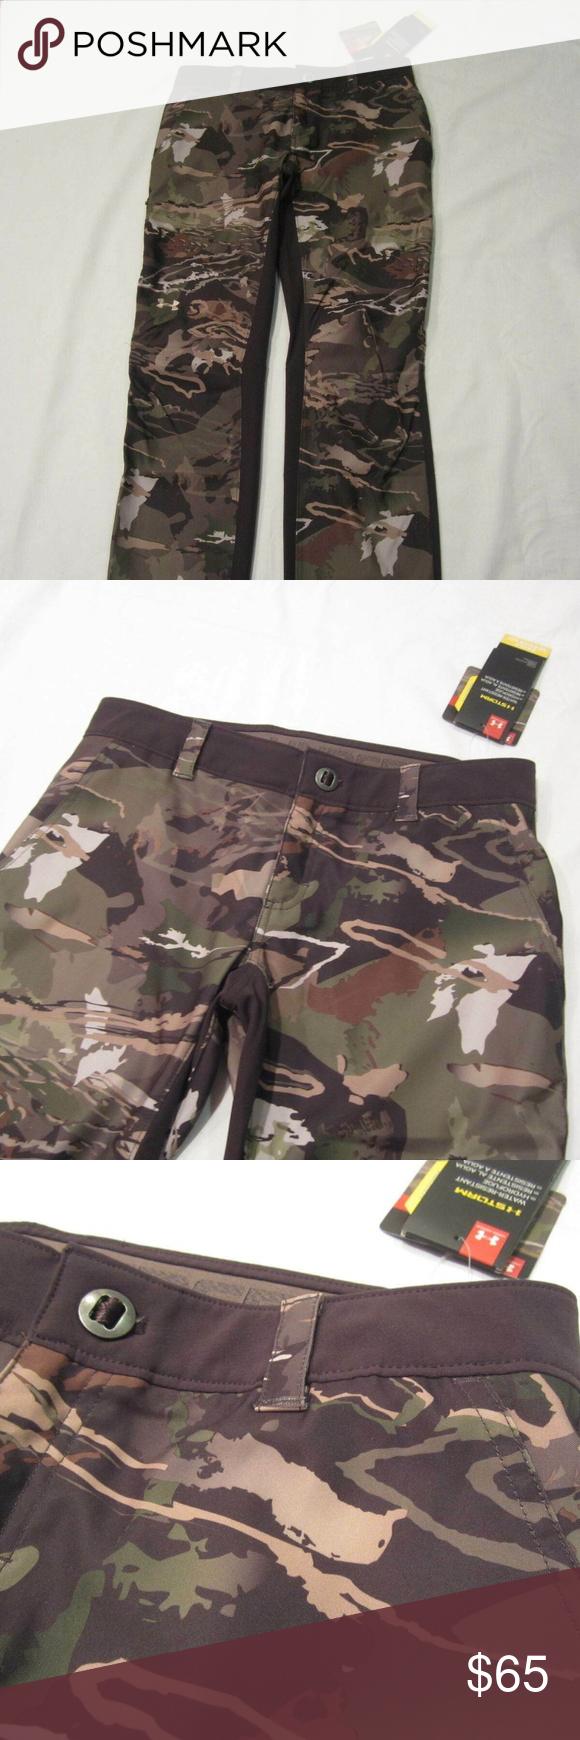 f3e011da93fbf Womens Size 8 Under Armour Camo Hunting Pants Womens Size 8 Under Armour  Early Season Forest Camo Hunting Pants NEW! NEW WITH TAGS!
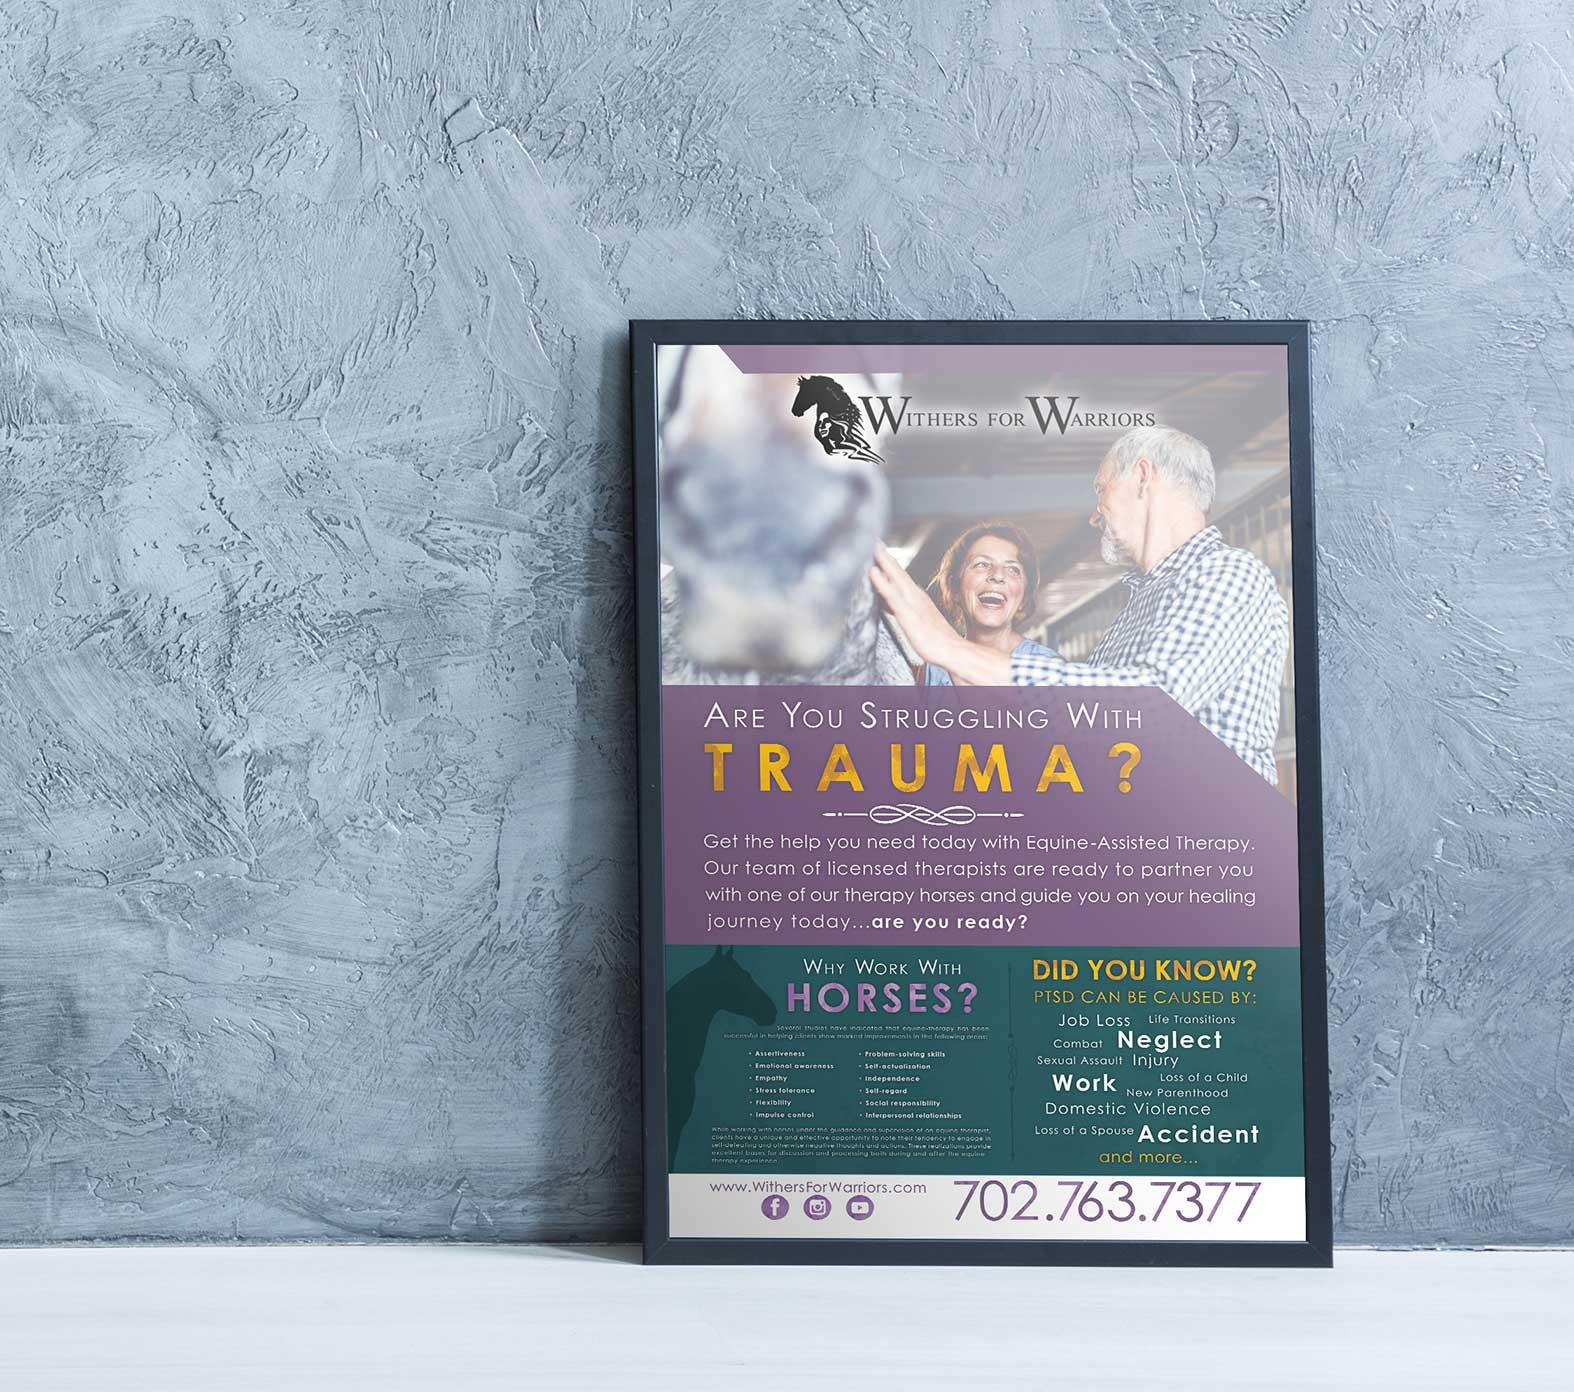 W4W Marketing Info-Poster Design
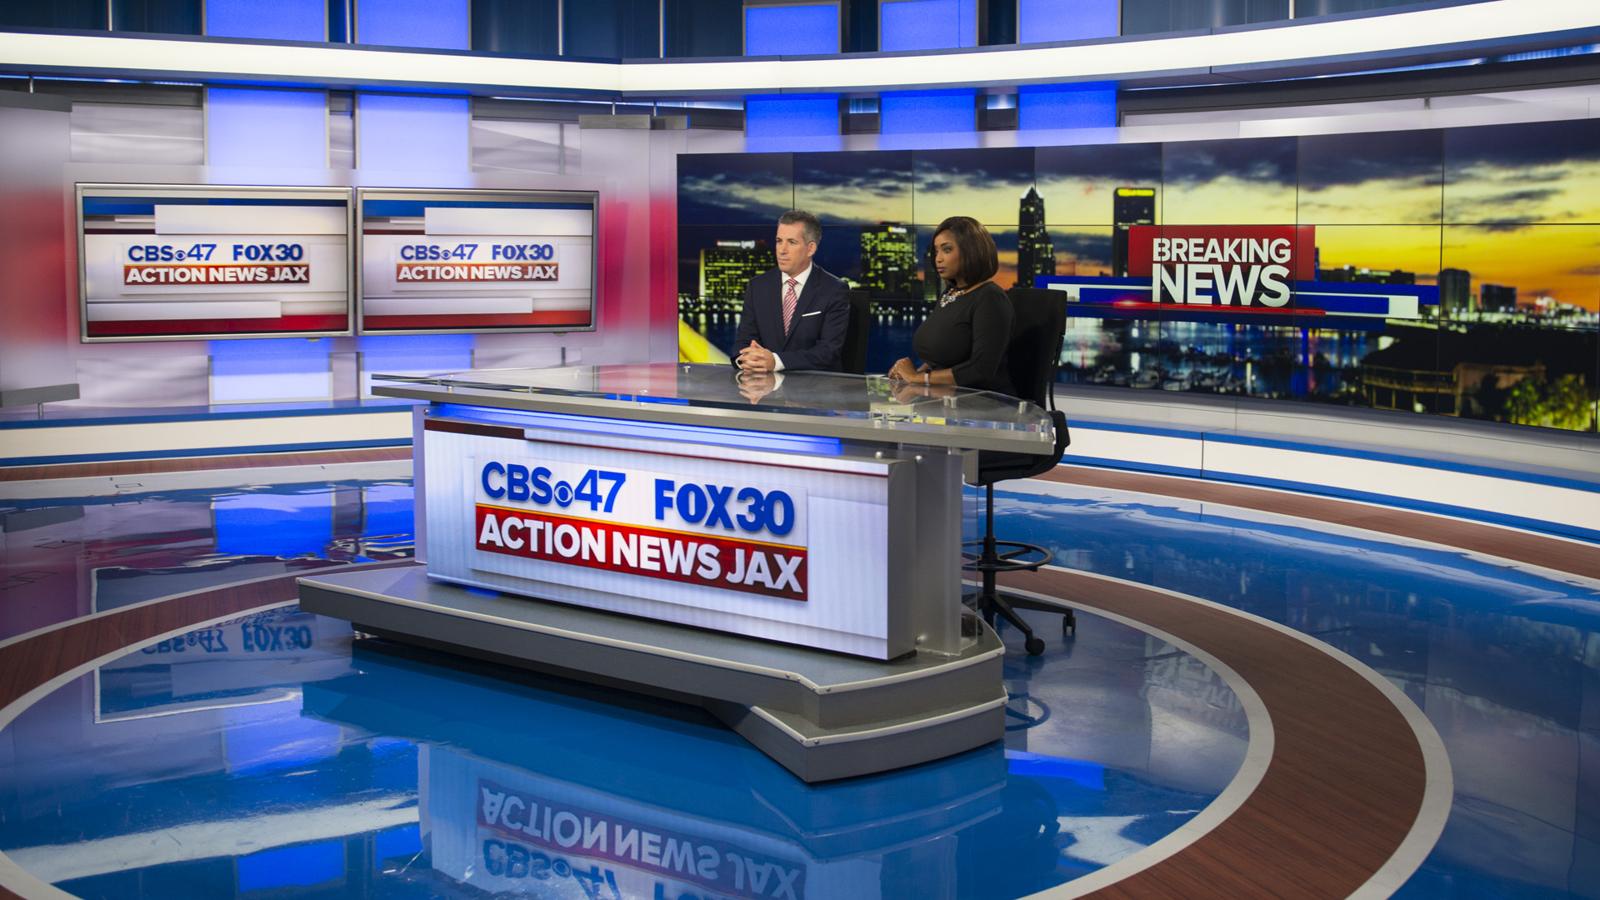 ncs_action-news-jax-tv-studio-wjax_0003

## Assignment
Once more, give the listing above exactly, leaving each picture out.

## Answer section
 f3e011da93fbf Womens Size 8 Under Armour Camo Hunting Pants Womens Size 8 Under Armour  Early Season Forest Camo Hunting Pants NEW! NEW WITH TAGS!
 W4W Marketing Info-Poster Design
 ncs_action-news-jax-tv-studio-wjax_0003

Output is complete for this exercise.